Butanoic acid, 4-amino-4-oxosulfo-, N-coco alkyl derivs., monosodium salts, compds. with triethanolamine

Administrative data

Endpoint:

skin irritation: in vitro / ex vivo

Type of information:

experimental study

Adequacy of study:

key study

Study period:

08/2017 - 01/2018

Reliability:

1 (reliable without restriction)

Rationale for reliability incl. deficiencies:

guideline study

Data source

Materials and methods

GLP compliance:

yes (incl. QA statement)

Test material

Specific details on test material used for the study:

SOURCE OF TEST MATERIAL
- Batch No.of test material: 0015567151
- Expiration date of the lot/batch: 11 March 2018

STABILITY AND STORAGE CONDITIONS OF TEST MATERIAL
- Storage condition of test material: Room temperature
- Stability under test conditions: The stability under storage conditions over the study period was guaranteed by the sponsor.
- Solubility and stability of the test substance in the solvent/vehicle: No analysis of test substance preparation was performed because the test substance was applied minimally moistened with deionized water or PBS.

TREATMENT OF TEST MATERIAL PRIOR TO TESTING
- Final preparation of a solid: Due to the texture of the solid test substance a bulk volume of ca. 25 µL ground test material was formed to a flat disc that matched to the size of the tissue (ca. 8 mm diameter).

FORM AS APPLIED IN THE TEST Test material was formed to a flat disc.

In vitro test system

Test system:

human skin model

Remarks:

EpiDerm model (EPI-200)

Source species:

human

Cell type:

non-transformed keratinocytes

Cell source:

other: MatTek, Bratislava, Slovakia; Unspecified

Vehicle:

unchanged (no vehicle)

Details on test system:

RECONSTRUCTED HUMAN EPIDERMIS (RHE) TISSUE
- Model used: EpiDerm
- Tissue batch number: 25837
- Date of certificate of analysis from MatTek: 16 August 2017
- Date of initiation of testing: 15 August 2017

TEMPERATURE USED FOR TEST SYSTEM
- Temperature used during treatment / exposure: room temperature for 25 minutes overall and 37°C for 35 minutes (Incubator)
- Temperature of post-treatment incubation: 37°C

REMOVAL OF TEST MATERIAL AND CONTROLS
The tissues were washed with sterile PBS to remove residual test material 1 hour after start of application.
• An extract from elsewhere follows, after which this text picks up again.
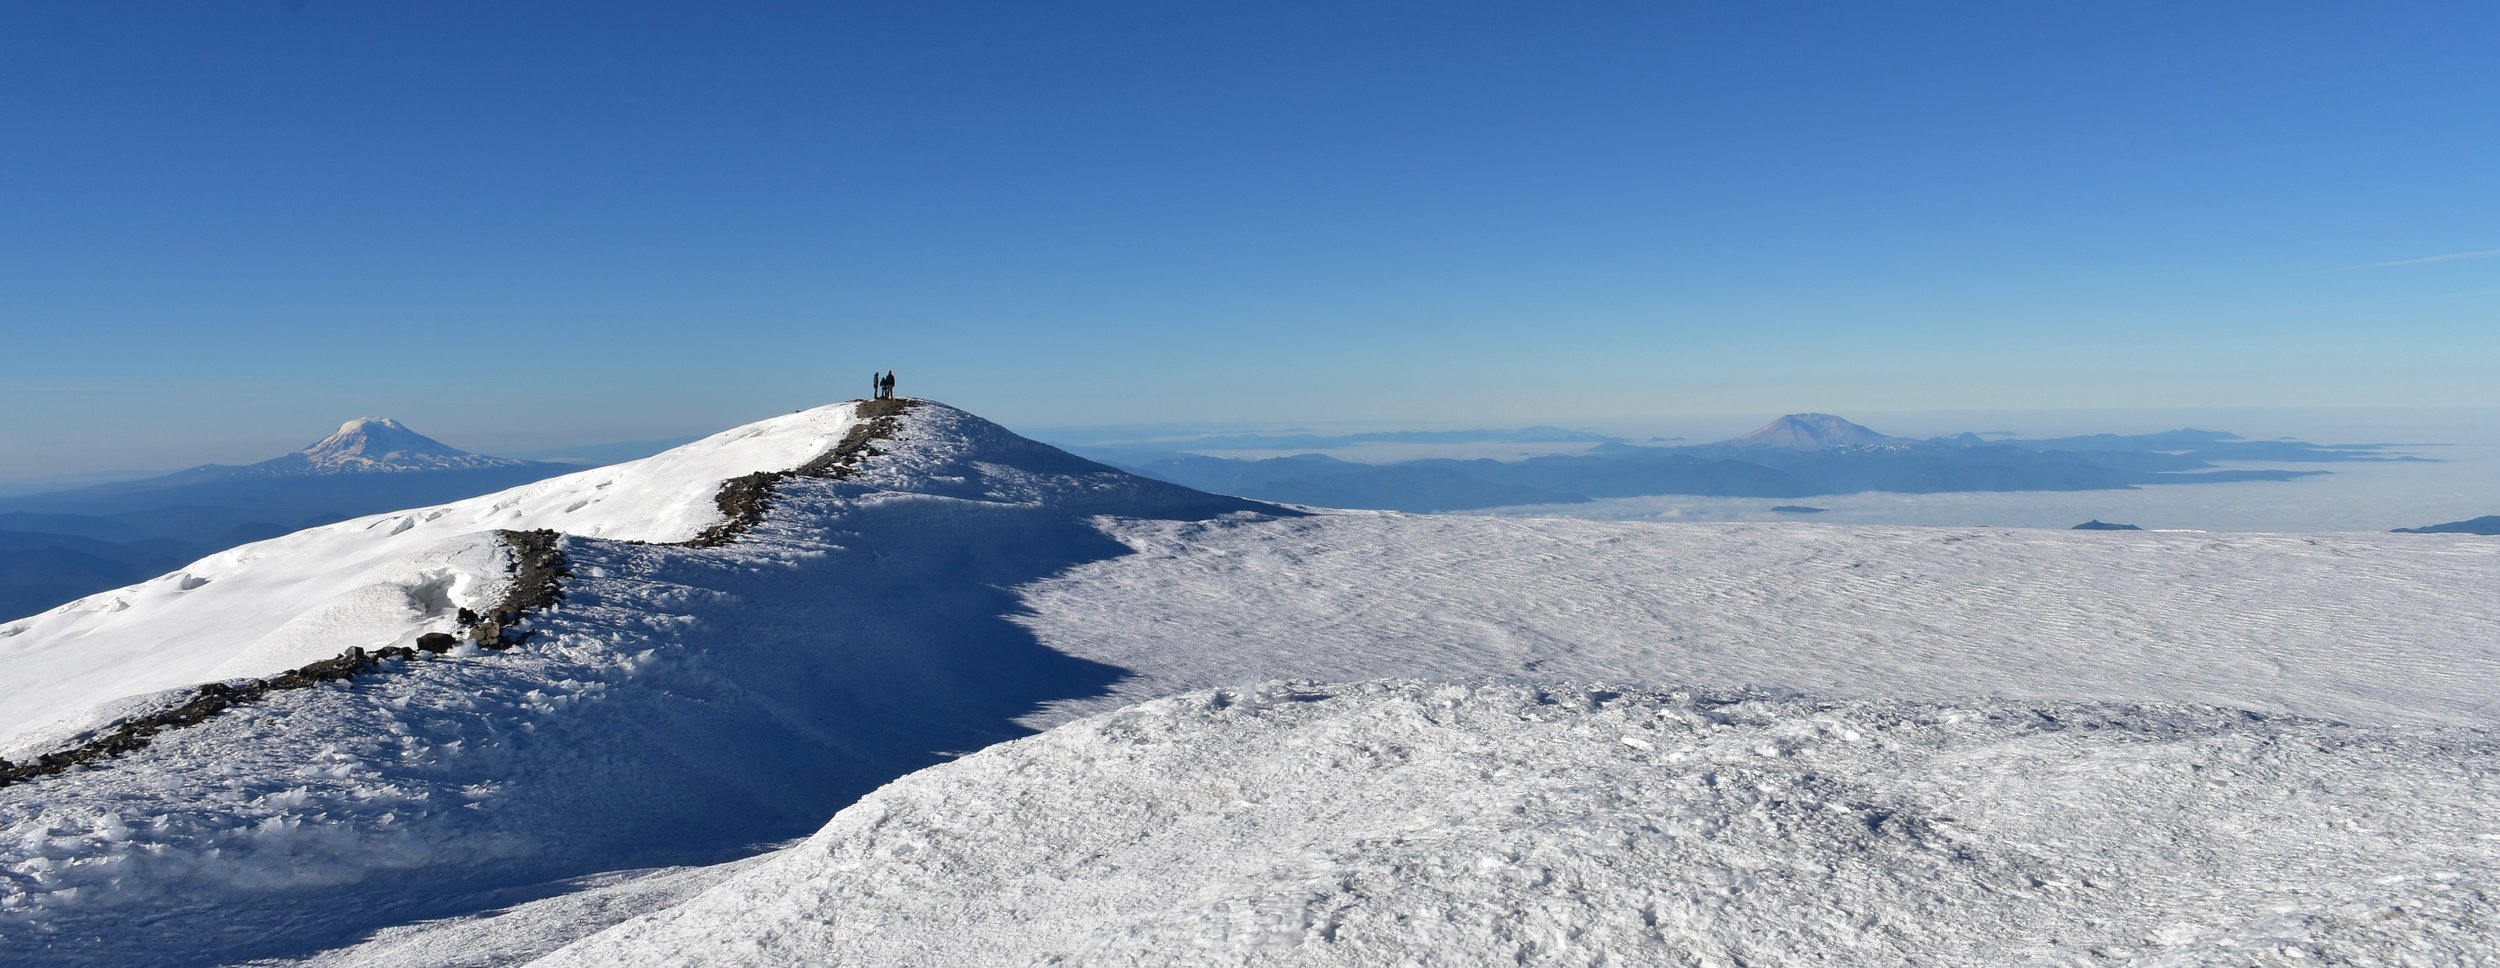 Adams->Rainier Summit->St. Helens

Rinsed tissues were blotted on sterile absorbent paper and transferred into new
6-well plates pre-filled with 0.9 mL fresh medium. When all tissues were rinsed the surface of each tissue was carefully dried with a sterile cotton swab.
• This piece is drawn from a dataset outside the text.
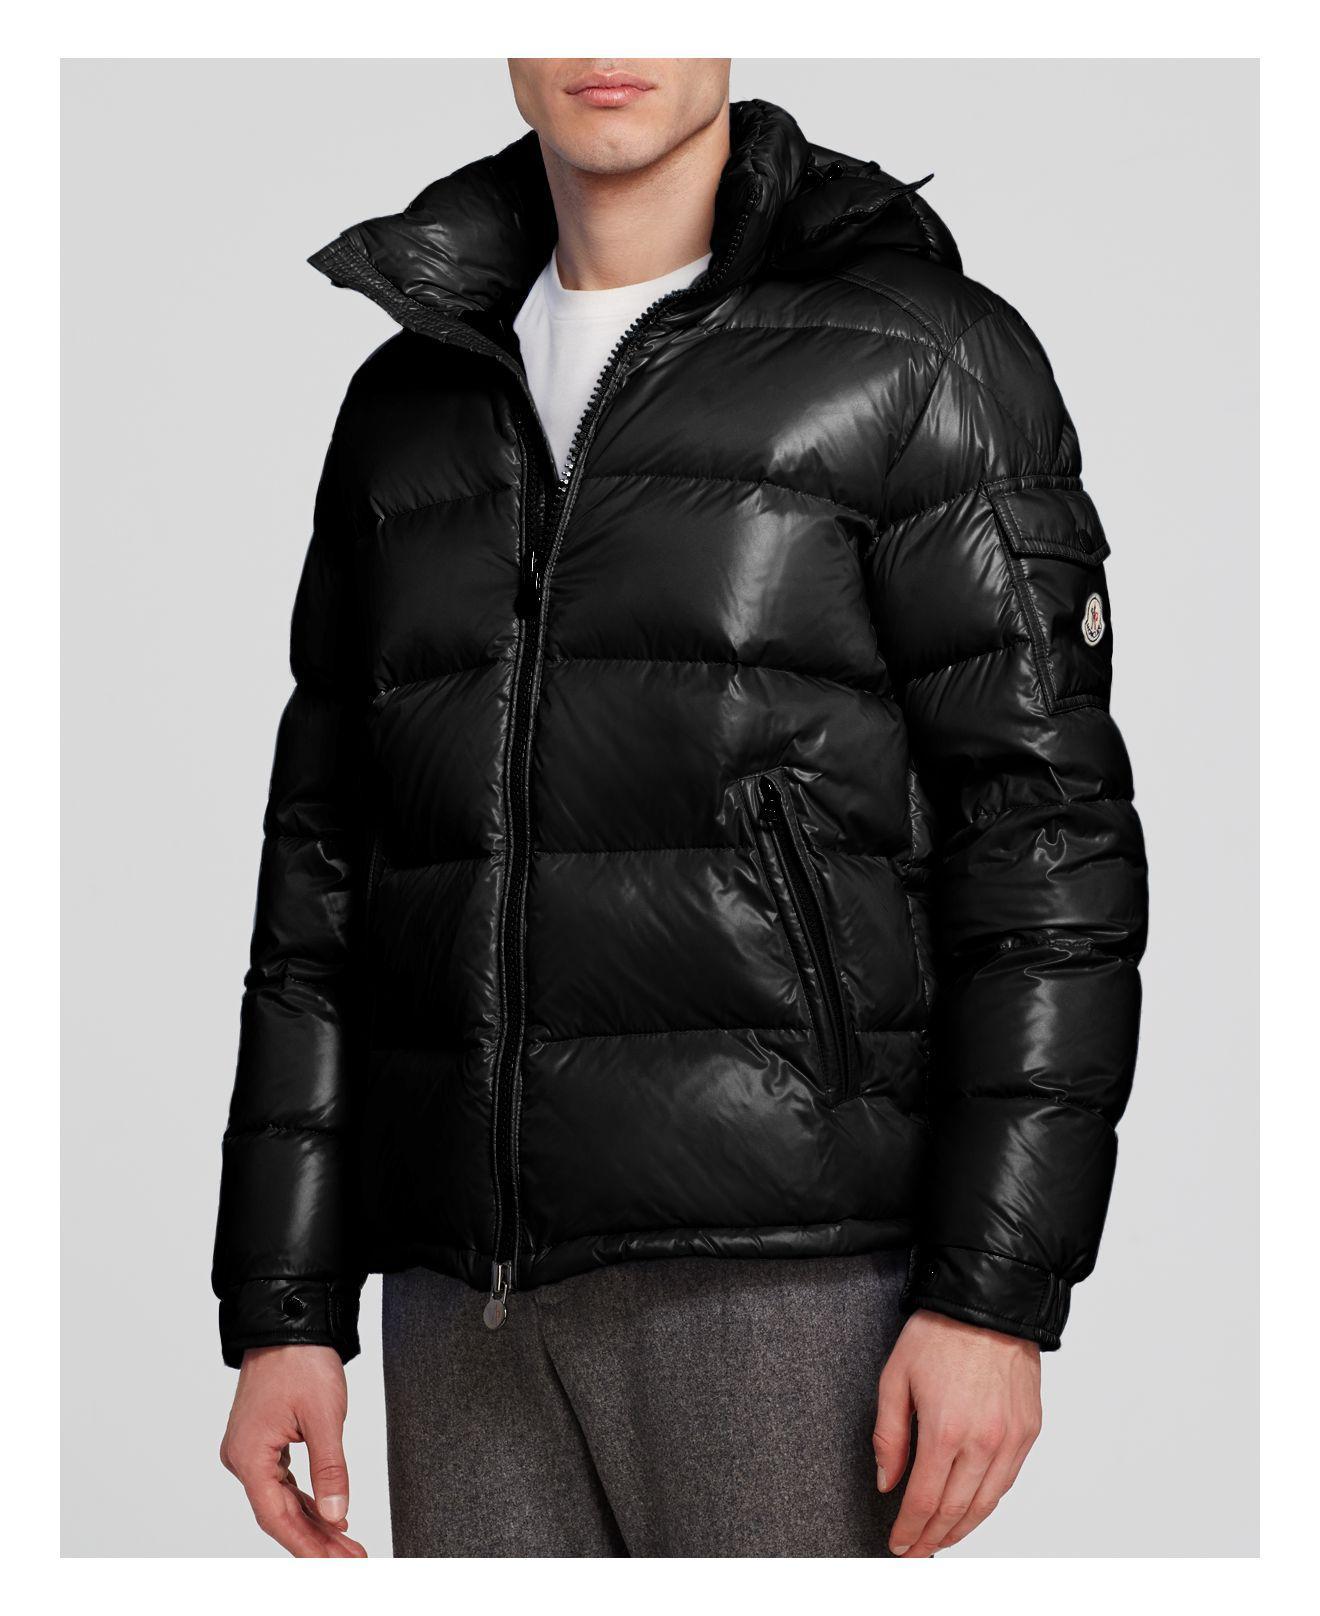 2a81a0b93 real moncler maya down puffer jacket vest 96647 6e731

MTT DYE USED TO MEASURE TISSUE VIABILITY AFTER TREATMENT / EXPOSURE
- MTT concentration: 1.0 mg/mL MTT
- Incubation time: 3 hours
- Spectrophotometer: Sunrise Absorbance Reader
- Wavelength: 570 nm

FUNCTIONAL MODEL CONDITIONS WITH REFERENCE TO HISTORICAL DATA
- Viability: The supplier demonstrates that each batch of the model used passes a MTT QC assay (4 hours, n=3, OD= 540-570nm).
- Reproducibility: given by historical data from Jan 2016 - Jul 2017 via given test method
- Barrier function and Quality control: The supplier demonstrates that each batch of the model used meets the defined production release criteria. MatTek determines the ET50 value following exposure to Triton X-100 (1%) for each EpiDermTM batch. The ET50 must fall within a range established based on a historical database of results.
Lower acceptance limit: ET50 = 4.0 hours
Upper acceptance limit: ET50 = 8.7 hours
- Sterility: The supplier demonstrates that each batch of the model used shows no contamination.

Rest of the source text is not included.